Pourquoi d’abord Pichonneau n’aurait-il pas écrit ? Quand on voit ce qui se publie, on se dit qu’un Pichonneau aurait son mot à dire, du moins quand on connaît Pichonneau. Et le Pichonneau, il le pensait aussi. La première fois que lui prit l’envie de composer un roman, ce fut au café Chez Fernand, après une discussion avec Jean-françois Simon, le responsable des ventes du Decathlon de Pouilly-sur-chavigne. Jean-françois avait pas mal bourlingué à la faveur d’un congé professionnel : la Tunisie, l’égypte, le Vercors et, pour finir, l’île de Noirmoutier. « Avec tout ce que j’ai vécu depuis que j’ai quitté Clermont, plastronnait-il, je pourrais écrire un roman ! » Marc Legoff (gestionnaire d’aide en ligne au Crédit Agricole) intervint alors pour que chacun profite de son avis : « Je peux vous dire que la Nathalie, elle m’en fait baver depuis notre divorce : rien qu’avec les trois derniers mois, je pourrais te pondre trois best-sellers ! » Cette confession provoqua celle de Sylvie Lombard (responsable marketing chez Zara), puis celle de Louis Gilet, dit « P’tit Louis ». À la fin de la soirée, Chez Fernand n’était plus un café d’habitués ni le rendez-vous des turfistes de La Garenne, mais l’antichambre d’une nouvelle école littéraire.

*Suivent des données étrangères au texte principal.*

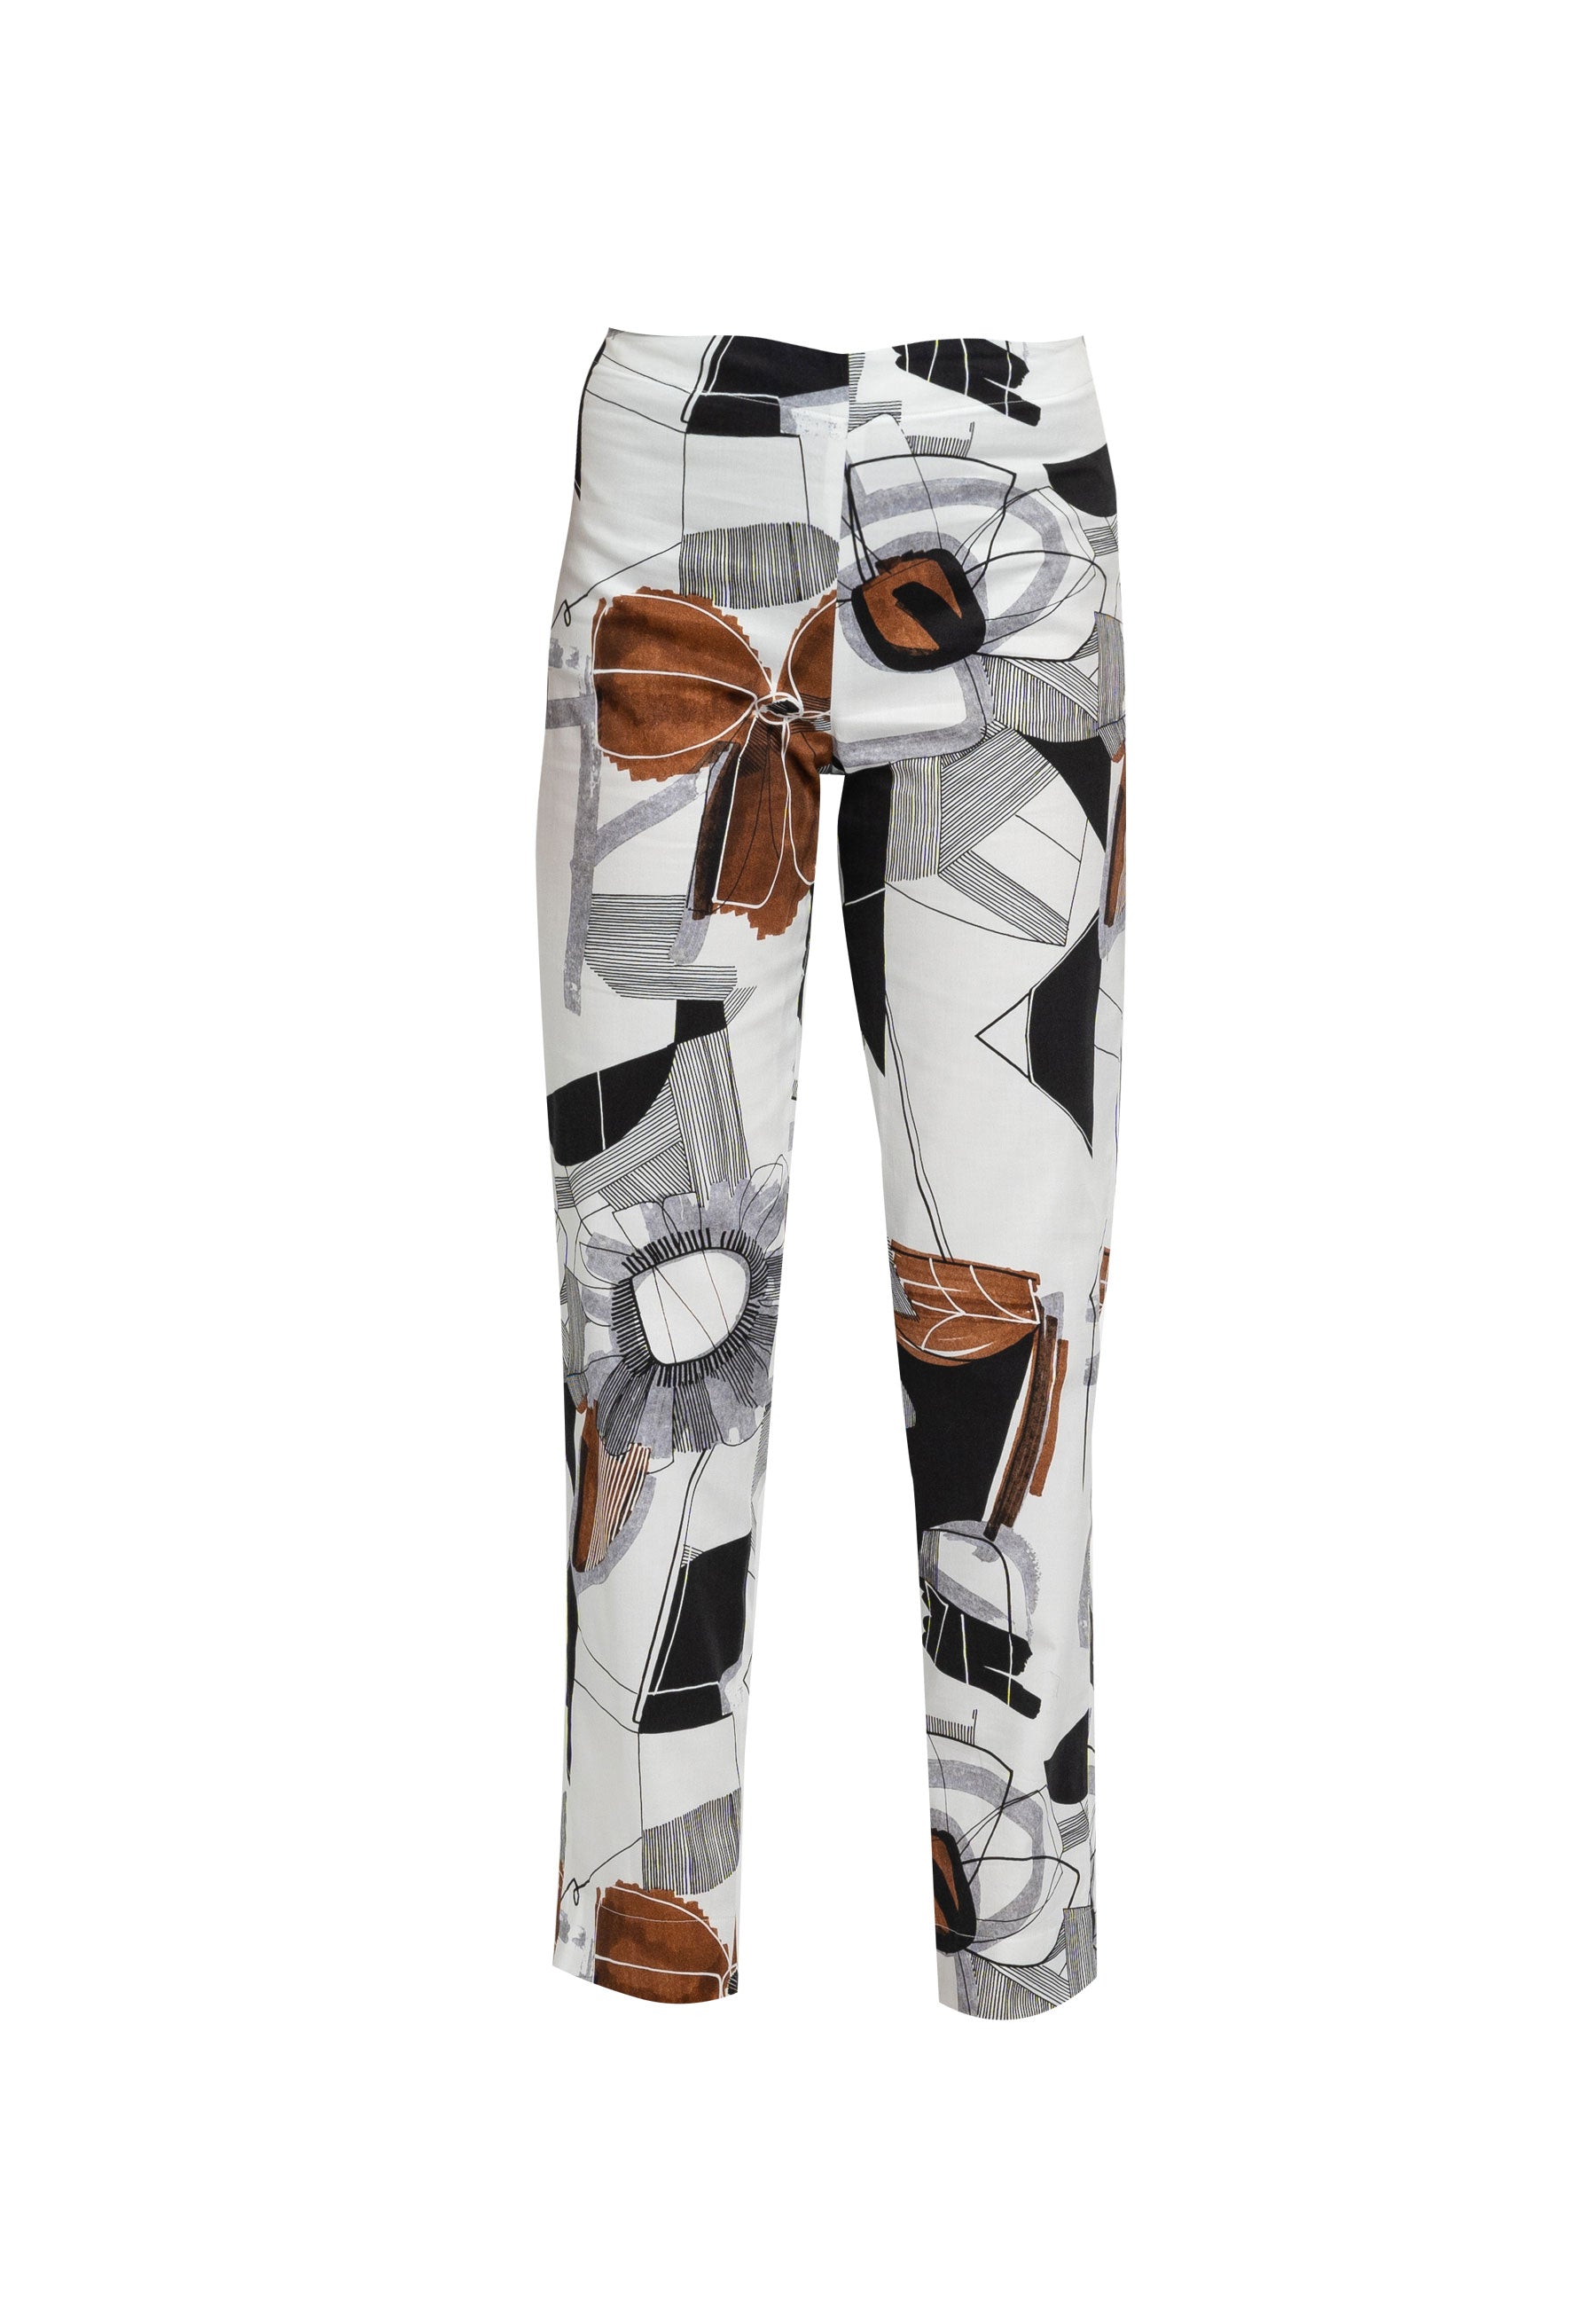 abstract women pants; trousers for women women's trousers, pants, female pants, designer pants, women's trousers onlinetrousers, women's trousers, trousers for women, green trousers, organic cotton trousers, sustainable fashion

Pourquoi, en fin de compte, tous ces chefsd’oeuvre ne virent pas le jour ? Mystère et tapioca (comme dirait Lafourcade). Sans doute la vie, cette chienne, aura-t-elle sorti de son sac à malices les mauvais tours qui empêchèrent Jean-françois d’écrire ses passionnantes Rêveries océaniques et Legoff son Nathalie, grosse salope ! Pourtant, quand Michel Martinez prétendit que tout était « dans sa tête » et qu’il ne restait plus « qu’à l’écrire » (le roman), il récolta l’approbation générale : « Il ne reste plus qu’à l’écrire », confirma Legoff.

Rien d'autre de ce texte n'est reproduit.